What's a Specific Provisioner?

A Specific Provisioner is a microservice which is in charge of deploying components that use a specific technology. When the deployment of a Data Product is triggered, the platform generates it descriptor and orchestrates the deployment of every component contained in the Data Product. For every such component the platform knows which Specific Provisioner is responsible for its deployment, and can thus send a provisioning request with the descriptor to it so that the Specific Provisioner can perform whatever operation is required to fulfill this request and report back the outcome to the platform.

You can learn more about how the Specific Provisioners fit in the broader picture here.

Terraform

Terraform is an open-source infrastructure as code (IaC) tool developed by HashiCorp. It allows users to define and manage their cloud infrastructure in a declarative manner. With Terraform, you can define the desired state of your infrastructure using configuration files, typically written in HashiCorp Configuration Language (HCL) or JSON. These configuration files describe the various cloud resources and their configurations, such as virtual machines, storage, networks, and other services.

When you apply the Terraform configuration, it compares the current state of your infrastructure with the desired state defined in the configuration files. Terraform then automatically creates, updates, or deletes resources to align the infrastructure with the specified state. This enables consistent and reproducible deployments, making it easier to manage complex cloud environments and ensuring that the infrastructure stays in the desired state over time.

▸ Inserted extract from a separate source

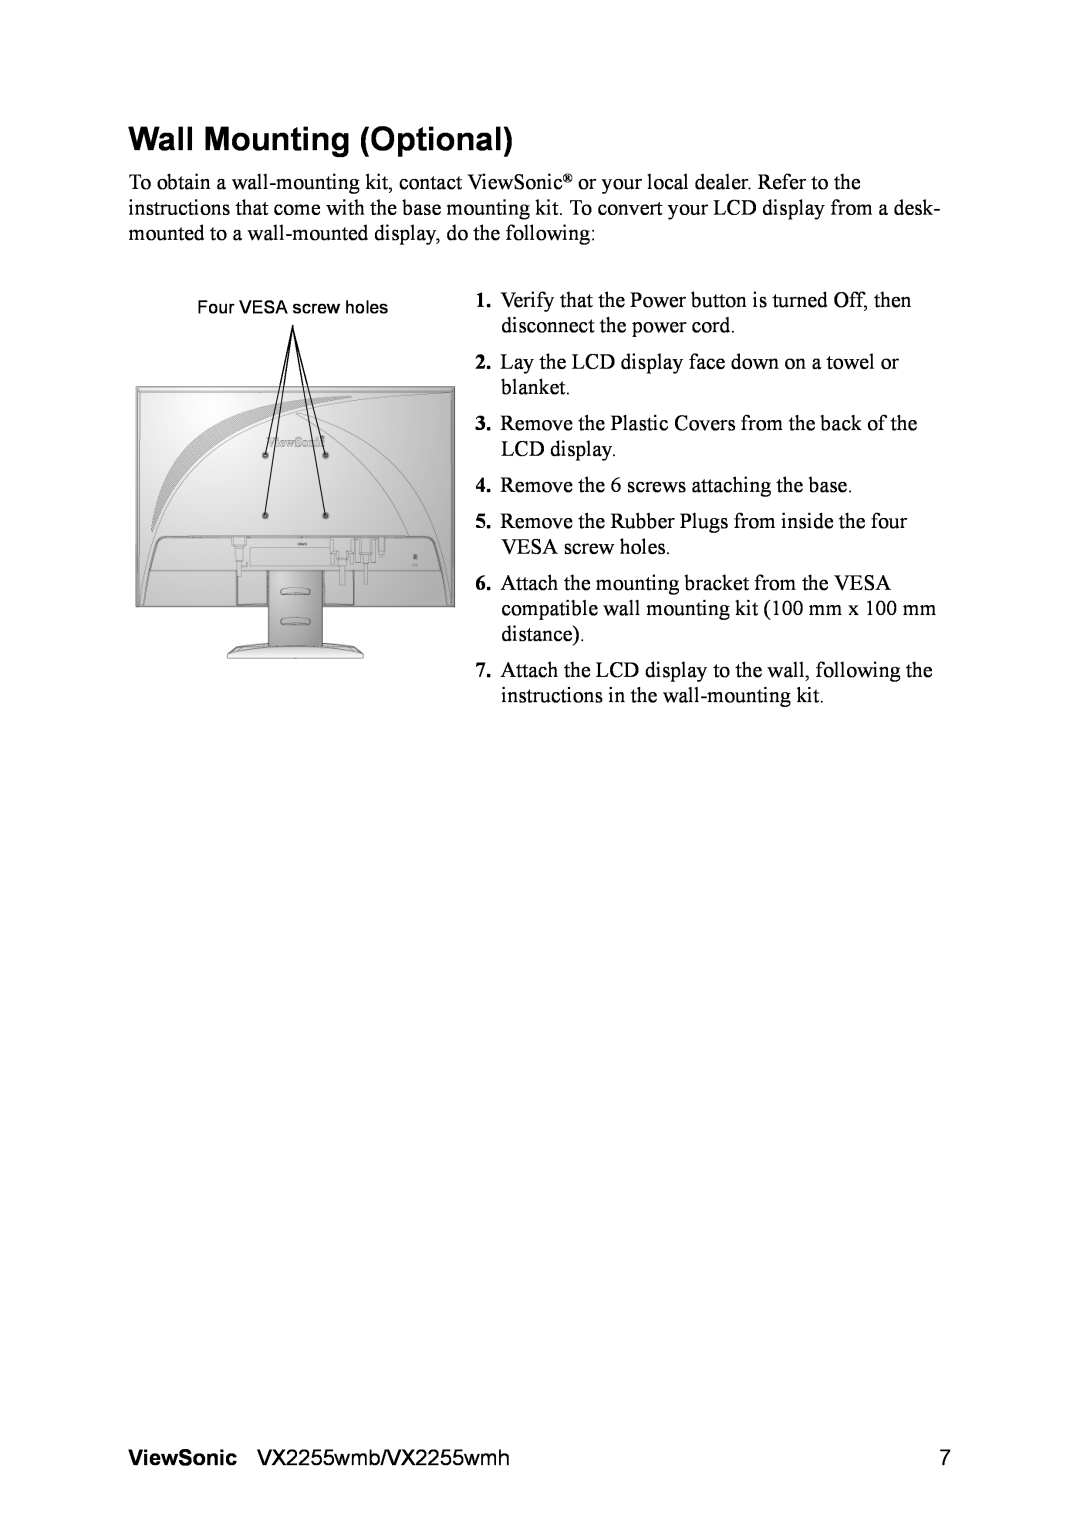 ViewSonic VX2255WMH manual Wall Mounting Optional

Terraform supports multiple cloud providers, including AWS, Microsoft Azure, Google Cloud Platform, and others, as well as various on-premises infrastructure providers. It has gained popularity among developers, sysadmins, and DevOps engineers for its simplicity, flexibility, and ability to automate the provisioning and management of cloud resources. You can find more information on it here.

Software stack

This microservice is written in Scala 2.13, using HTTP4S for the HTTP layer. Project is built with SBT and supports packaging as JAR, fat-JAR and Docker image, ideal for Kubernetes deployments (which is the preferred option).

Building

Requirements:

  • Java 11
  • SBT
  • Terraform v1.7.5 or later (for running tests and for local usage)
  • Docker (for building images only)

Generating sources: this project uses OpenAPI as standard API specification and the sbt-guardrail plugin to generate server code from the specification.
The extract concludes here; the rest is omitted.